2017 : WHAT SCIENTIFIC TERM OR CONCEPT OUGHT TO BE MORE WIDELY KNOWN?

robert_kurzban's picture
Psychologist, UPenn; Director, Penn Laboratory for Experimental Evolutionary Psychology (PLEEP); Author, Why Everyone (Else) is a Hypocrite
Comparative Advantage

The intuitively clear effects of a tariff—a tax on goods or services entering a country—are that it helps domestic producers of the good or service and harms foreign producers. An American tax on Chinese tires, say, transparently helps American tire producers because the prices of the tires of their foreign competitors will be higher, allowing American producers to compete more easily.  

Those are the intuitively clear effects. These effects—advantages for domestic firms, disadvantages for foreign firms—are useful for politicians to emphasize when they are contemplating tariffs and other forms of protectionism because they appeal to nationalistic, competitive intuitions.  

However, not all ideas surround international trade are so intuitive. Consider these remarks by economist Paul Krugman: “The idea of comparative advantage—with its implication that trade between two nations normally raises the real incomes of both—is, like evolution via natural selection, a concept that seems simple and compelling to those who understand it. Yet anyone who becomes involved in discussions of international trade beyond the narrow circle of academic economists quickly realizes that it must be, in some sense, a very difficult concept indeed.” 

Comparative advantage is an important idea, but is indeed difficult to grasp. To try to illustrate the point, consider the economist’s device of simplifying matters to see the underlying point. You and I are on a desert island, harvesting coconuts and catching fish to survive. You need one hour to harvest one coconut and two hours to catch one fish. (For this example, I’ll assume you can meaningfully divide one fish [or one coconut] into fractions.) I, being old and no fisherman, am less efficient than you at both activities; I require two hours per coconut and six hours per fish. It might seem that you need not trade with me; after all, you’re better than I am at both fishing and harvesting coconuts. But the economist David Ricardo famously showed this isn’t so.  

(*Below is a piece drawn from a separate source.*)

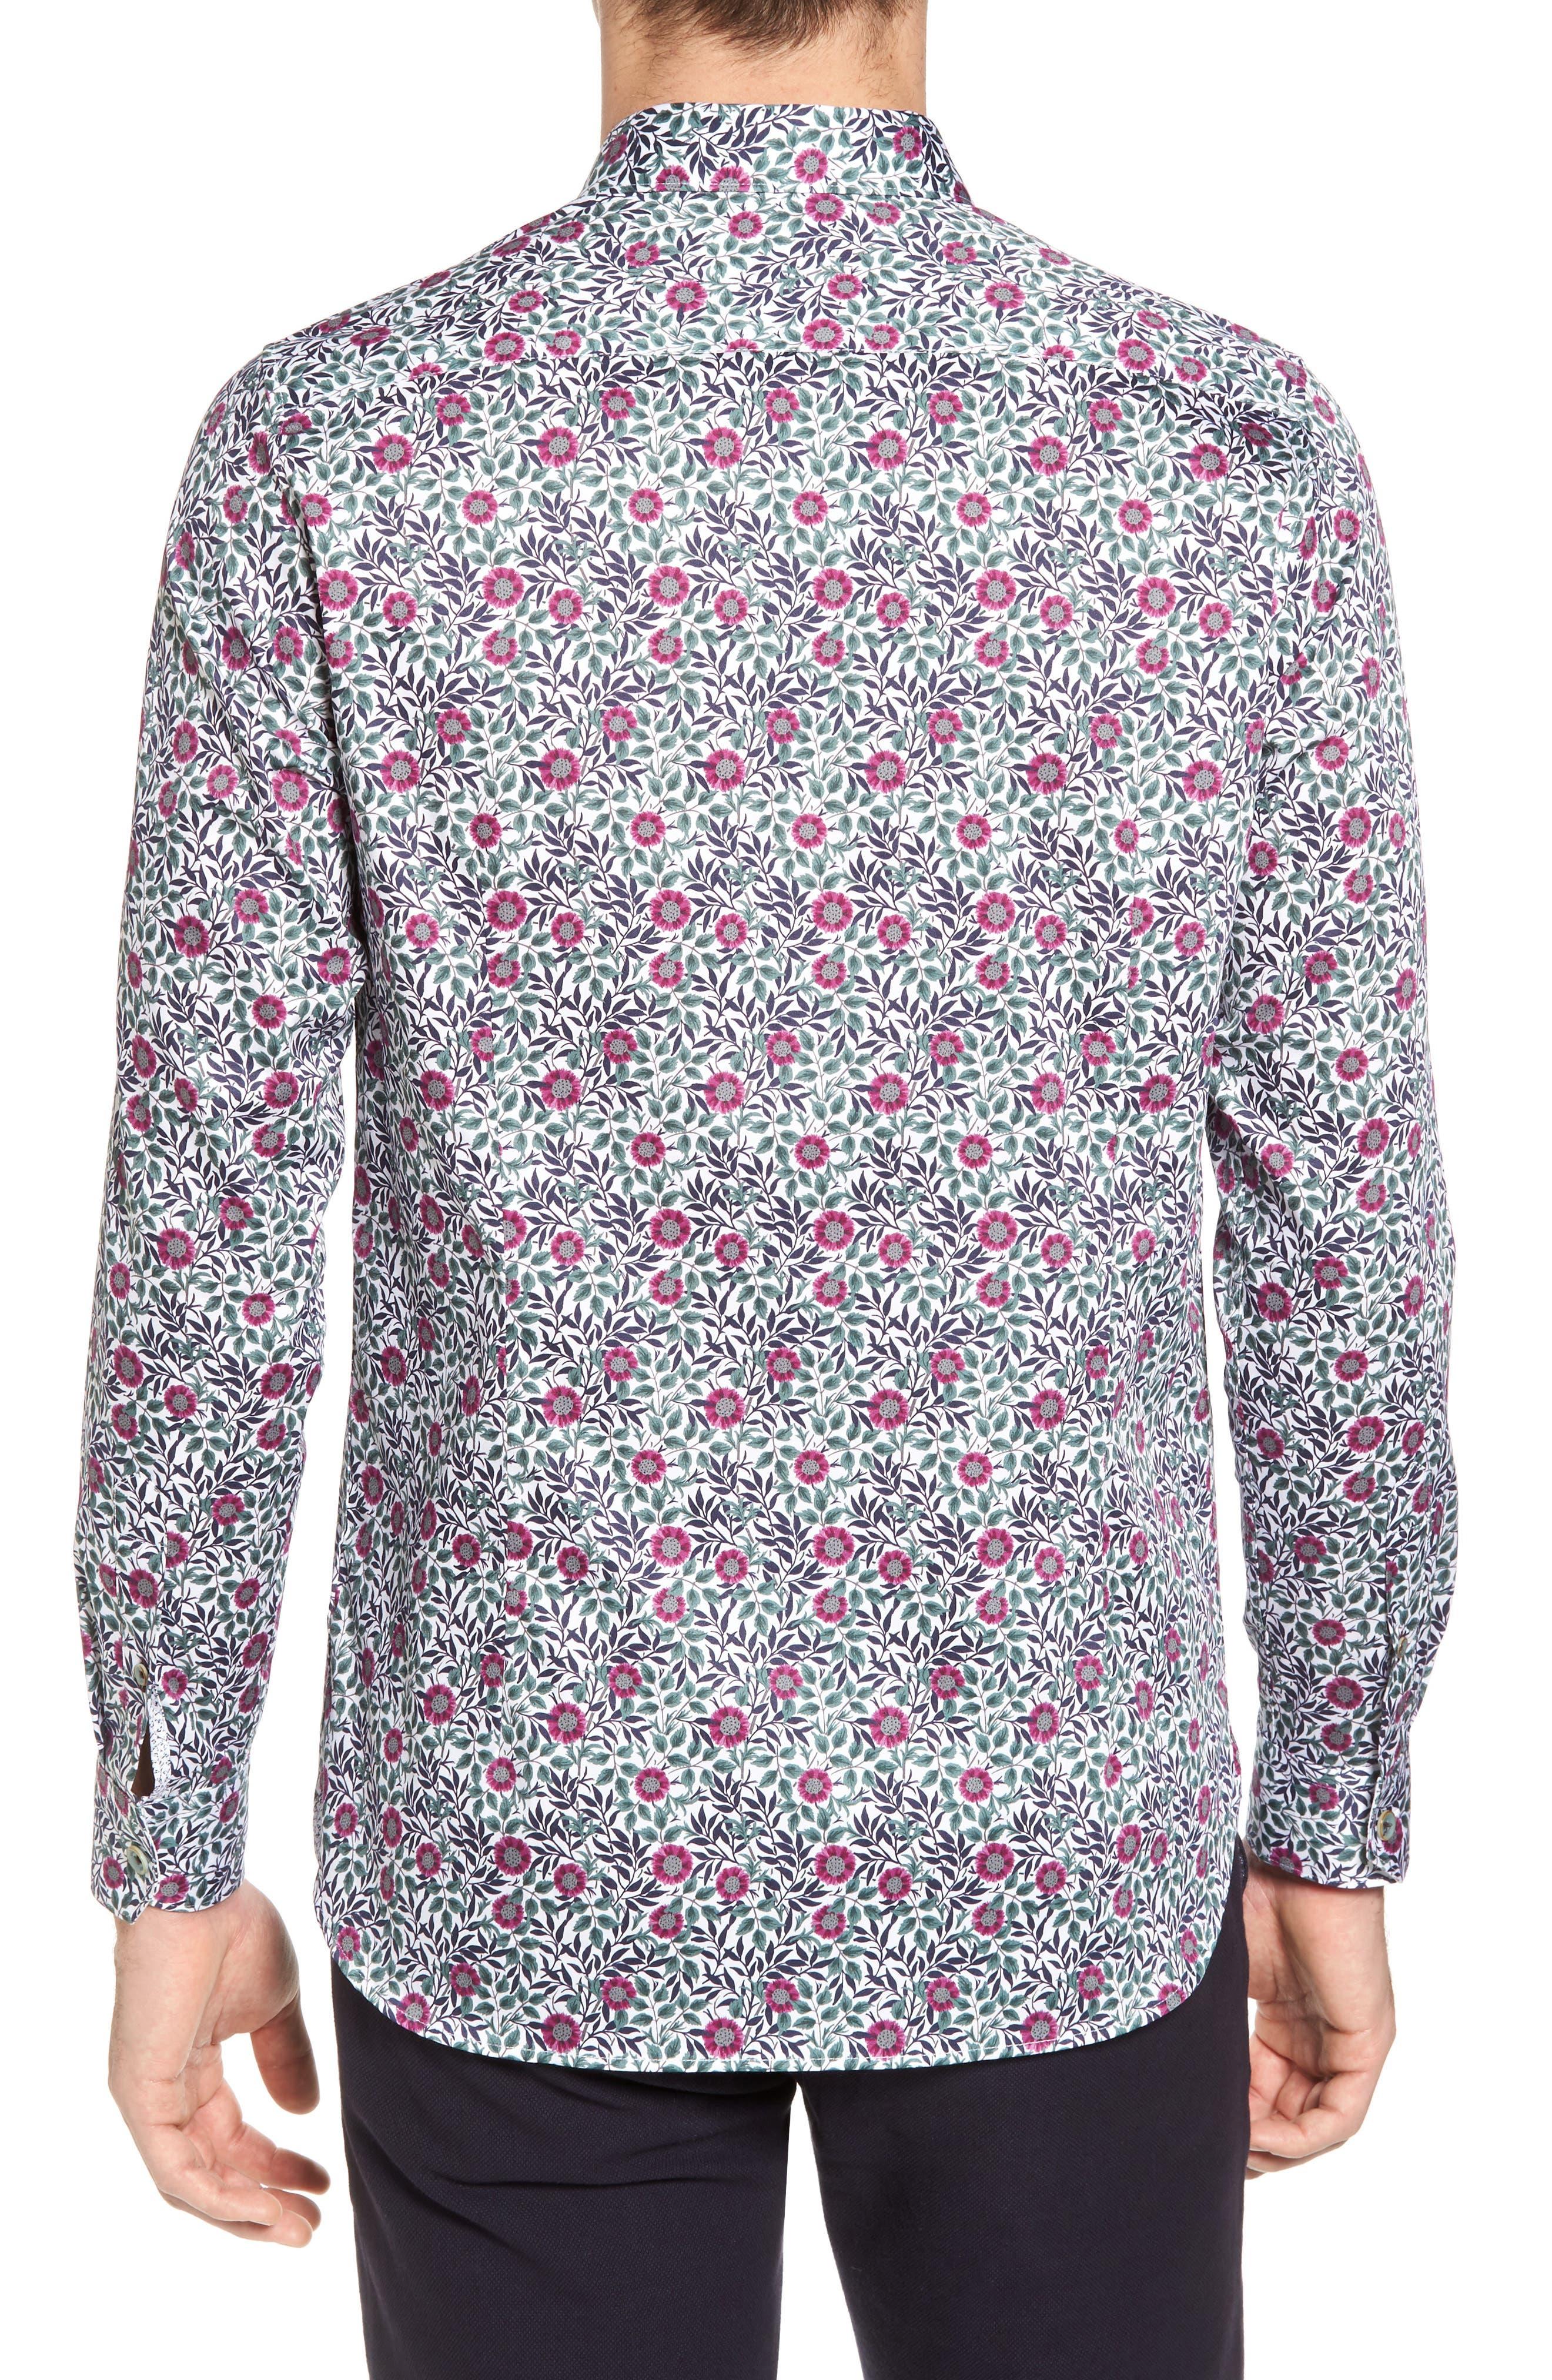 Orense Floral Print Slim Fit Shirt,                             Alternate thumbnail 3, color,                             Green

Consider two cases. In the first, we don’t trade. You produce, say, four coconuts and two fish during an eight-hour workday. I produce just one of each.  

For the second case, suppose we specialize and trade, and you agree to give me a fish in exchange for 2.5 coconuts. (This is a good deal for both of us. For you, catching one less fish gets you two hours or two coconuts; 2.5 is better. For me, that fish saves me six hours, or three coconuts.)  Now you produce one extra fish and give it to me in trade, leaving you with two fish and 4.5 coconuts. For ease of exposition, let’s say I only harvest coconuts, produce four and give you 2.5 of them, leaving me 1.5 coconuts and the fish I got from you. In this second case, you have just as many fish and an extra half coconut; I also have the same number of fish—one—plus the half coconut. Through the magic of trade, the world is one coconut better off, split between the two of us.  

The lesson is that even though I produce both goods less efficiently than you, we are still both made better off when we specialize in the good for which we have a comparative advantage and then trade. This is an argument for a role for governments in facilitating, rather than inhibiting, specialization and trade. It should be clear, for instance, that if the island government forced me to pay them an extra coconut every time I purchased one of your fish—driving the coconut price to me from 2.5 to 3.5 coconuts—I wind up with only half a coconut and a fish after the trade, and so would prefer to revert to the first case in which I split my time. In turn, you lose your trading partner, and similarly revert to the previous case.  

These gains reaped from world trade are less intuitive than the patriotic gains reaped by those of domestic firms protected—and therefore helped—by tariffs and other trade barriers. For this reason, given the outsize role that questions surrounding world trade play in current political discourse, the notion of comparative advantage ought to be more widely known.